Like RStudio notebooks in R Markdown, Python has a notebook format that is widely used: Jupyter notebooks. In my experience, beginners find Jupyter notebooks slightly easier to use than R Markdown notebooks; but on the other hand, they are slightly less amenable to being turned into print documents.

2.4 The case for Javascript

If Python is the language that the most people know, Javascript is the one that the most people can use. If you want to write code that can be deployed anywhere, Javascript is the native language of the web; while Python and R both have strategies for running in emulation or containerized systems that make it possible to edit notebooks online, neither really compares to JS.

2.5 The place of GUIs

One thing you can’t do in this course, though, is rely on the out-the-box where one tool fits every problem. ArcGIS or QGIS may be the best way to make maps, and Gephi the best way to do network analysis. But as this is a course in data analysis, you should think about the fundamental operations of cartography and network analysis as simply subsets of a broader field, which is hard to see from the confines. All of these things are possible in R, and by seeing them as facets of a broader activity, you’ll develop transferrable skills and insights.

Also unlike graphical tools, working in a language saves your workflow. If you make a map with laboriously poisitioned points in ArcGIS, you may have a beautiful final project, but you can’t reproduce exactly how it happened. In R, though, every step you take and every move you make can be preserved. This is called reproducible research, and it is among the most important contributions you can make when working collaboratively.

2.6 Packages

R is a modular piece of software. The base language allows you to apply most standard statistical methods from the 1990s, but in general the power of the language comes from extensions that others have worked with. This means that even after installing R, you’ll frequently have to install additional “packages.” The ability to do so is contained inside R itself; you can think of packages as living inside your local copy of R.

There is also one program worth installing that lives outside, called “RStudio.” It provides you with an environment to work in.
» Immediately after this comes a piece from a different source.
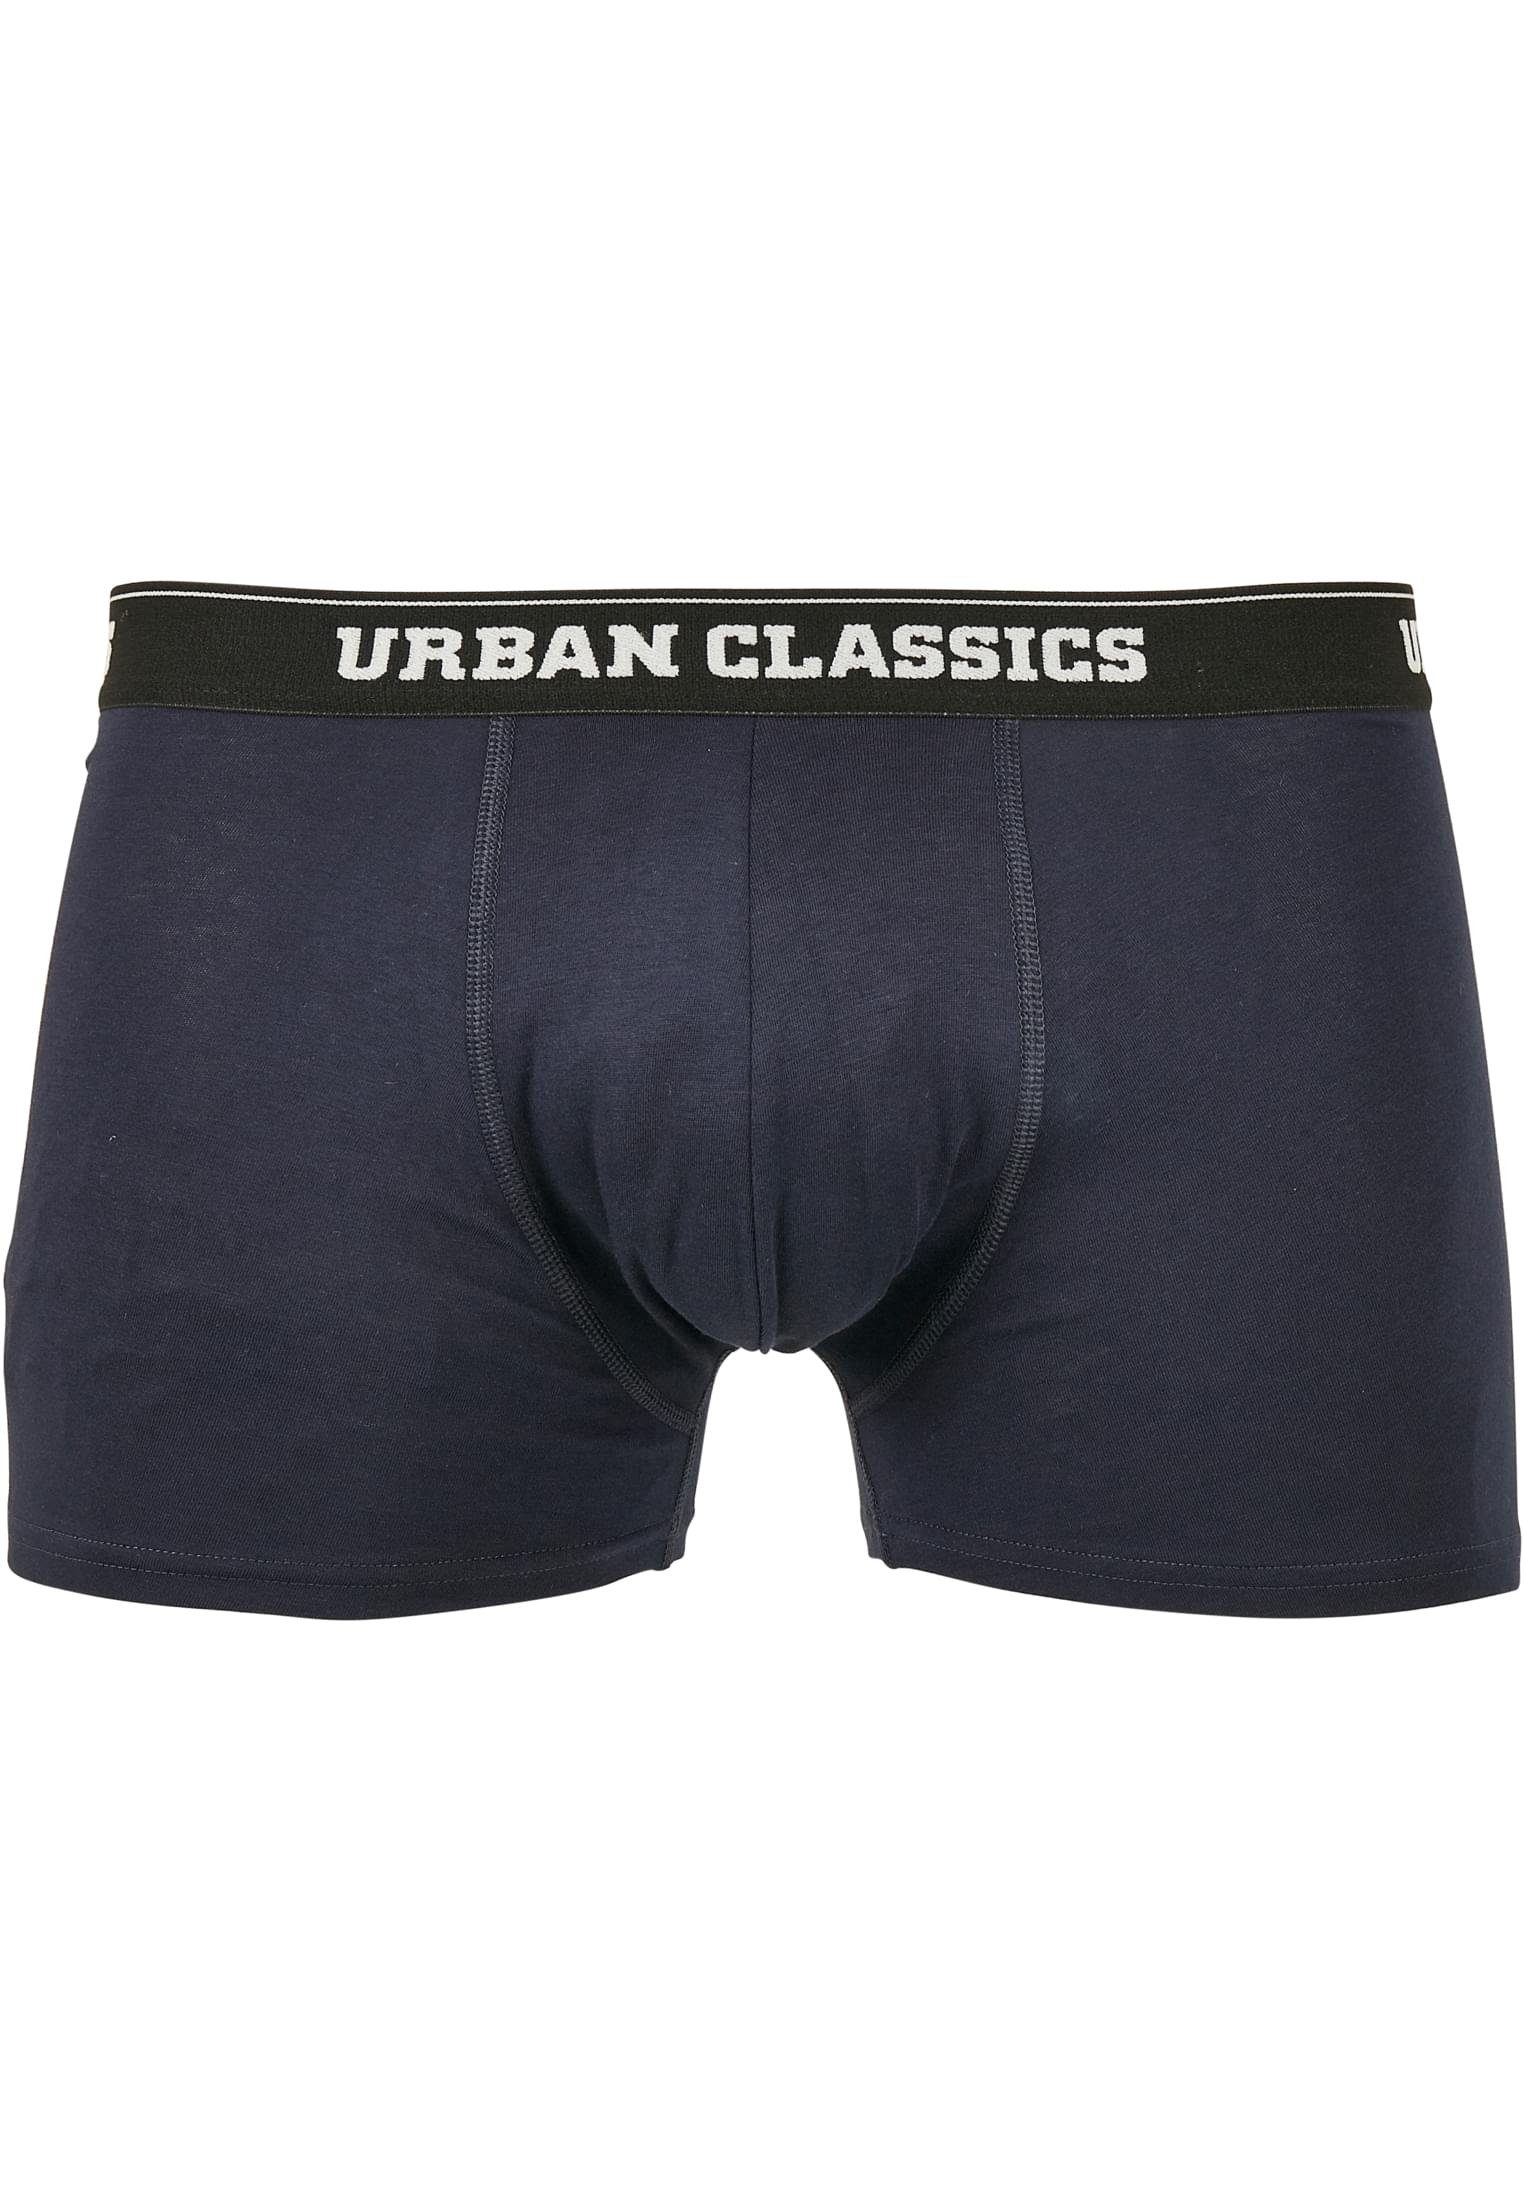 Herren URBAN Boxer 3-Pack Organic (1-St) CLASSICS white/navy/black Shorts Boxershorts

Some features it provides that are especially useful for students are:

  1. The ability to see loaded data on the right of the screen, and to click to view it.
  2. An interface that keeps plots alongside code.
  3. Tools for automatically checking your code, such as tab-completion that can often guess what you’re trying to type after a few letters.
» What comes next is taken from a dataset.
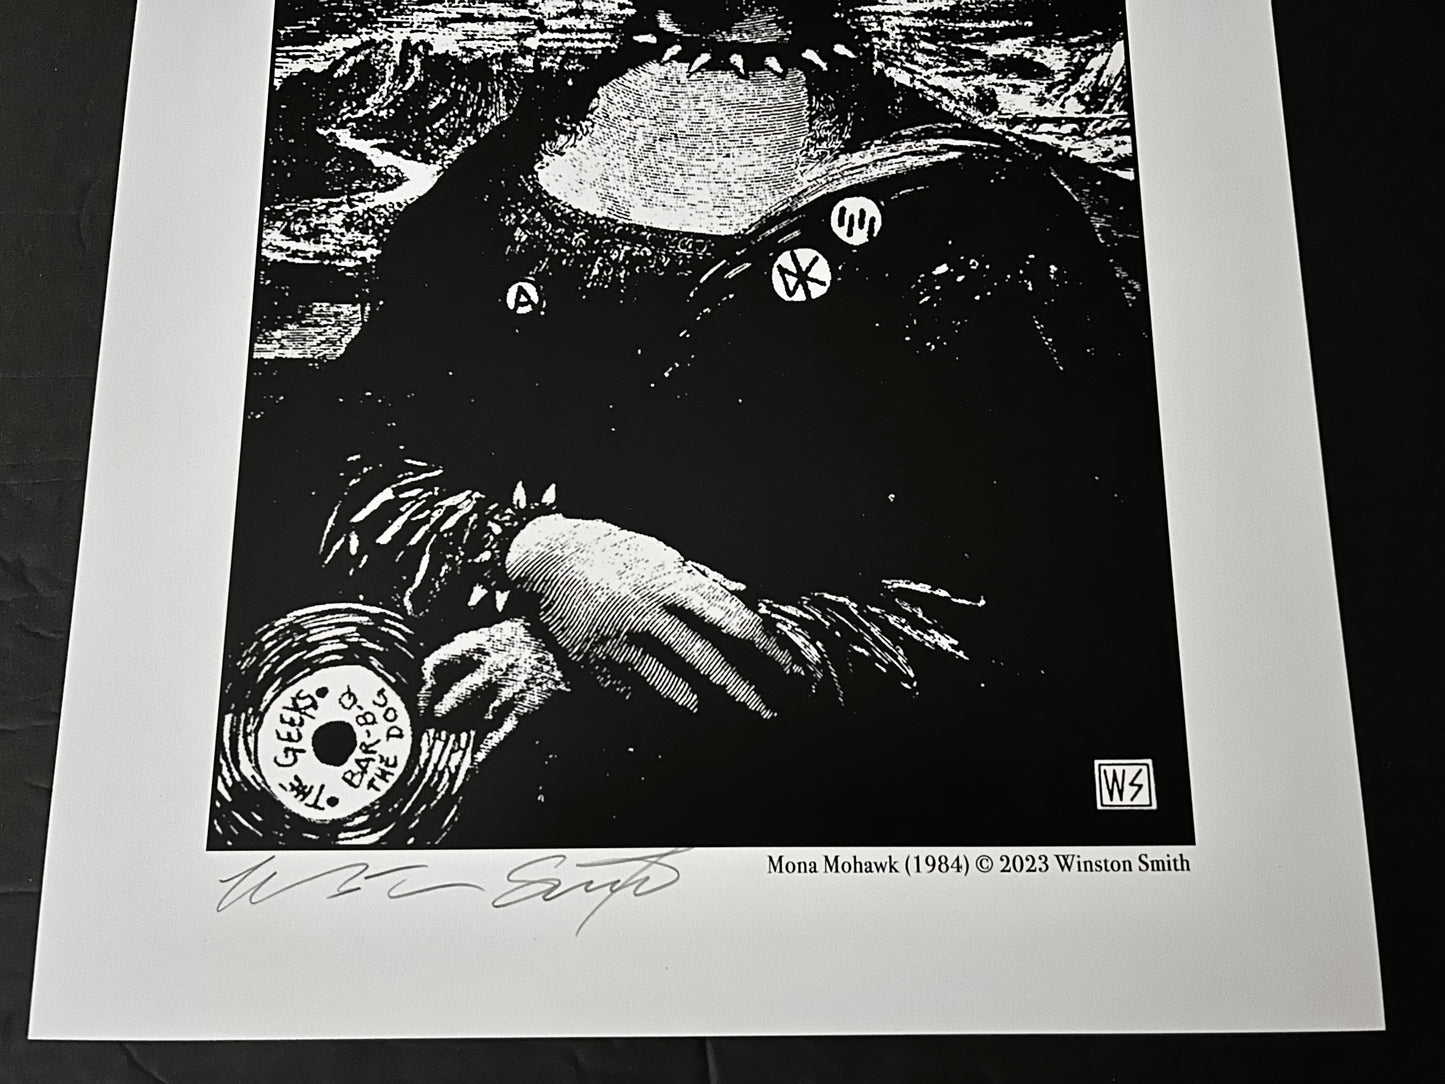 Winston Smith "Mona Mohawk" Print (1984)

But the most important things R Studio does for you are to make it easier to work in projects and to use literate programming.

2.6.1 Projects

Projects in RStudio are basically folders devoted to a specific task. What they do is enforce a discipline on you that can be hard to stick to otherwise, which is that you should always keep all data related to a specific data analysis project in the same place unless you have a very good reason not to. I would recommend having a few different projects for this class. One should be called “Problem Sets;” you can use the download_problem_sets() function in the course package to fill it with sets, and then use the Files tab in RStudio to open the latest ones. Others will focus on more specific tasks.

Projects also automatically save all of your data from session to session so that you can quit R and have all your data there when you open it back up again a week later. This can be useful, but it can also be something

You should always be in a project. Make a folder on your computer and store related items inside of it. Put all the data associated with a project in the same folder. Make sure you know where it is.

2.6.2 Literate Programming

R is designed to be interactive. There is a prompt (marked ‘console’) at the bottom of your screen into which you can always enter any expression. While some langauges expect you to write a program in a text file, in R it is very normal to work back and forth with your data, entering one command at a time.

While you can type directly into the prompt, any good data analysis should use a file so you can correct and save your work. R makes heavy use of a paradigm called “literate programming,” in which code and full text are intermixed into so-called ‘notebooks.’

These are files that end with the suffix ‘.Rmd,’ which stands for “R Markdown.” Markdown is a simple way of typing text that allows for minimal amounts of formatting (such as italics, numbered lists, and so forth) using a style derived from the way people often type fulltext e-mails. The standard represents a word in **bold** with two asterisks, a block quotation with with each line prefaced by a >, and so on.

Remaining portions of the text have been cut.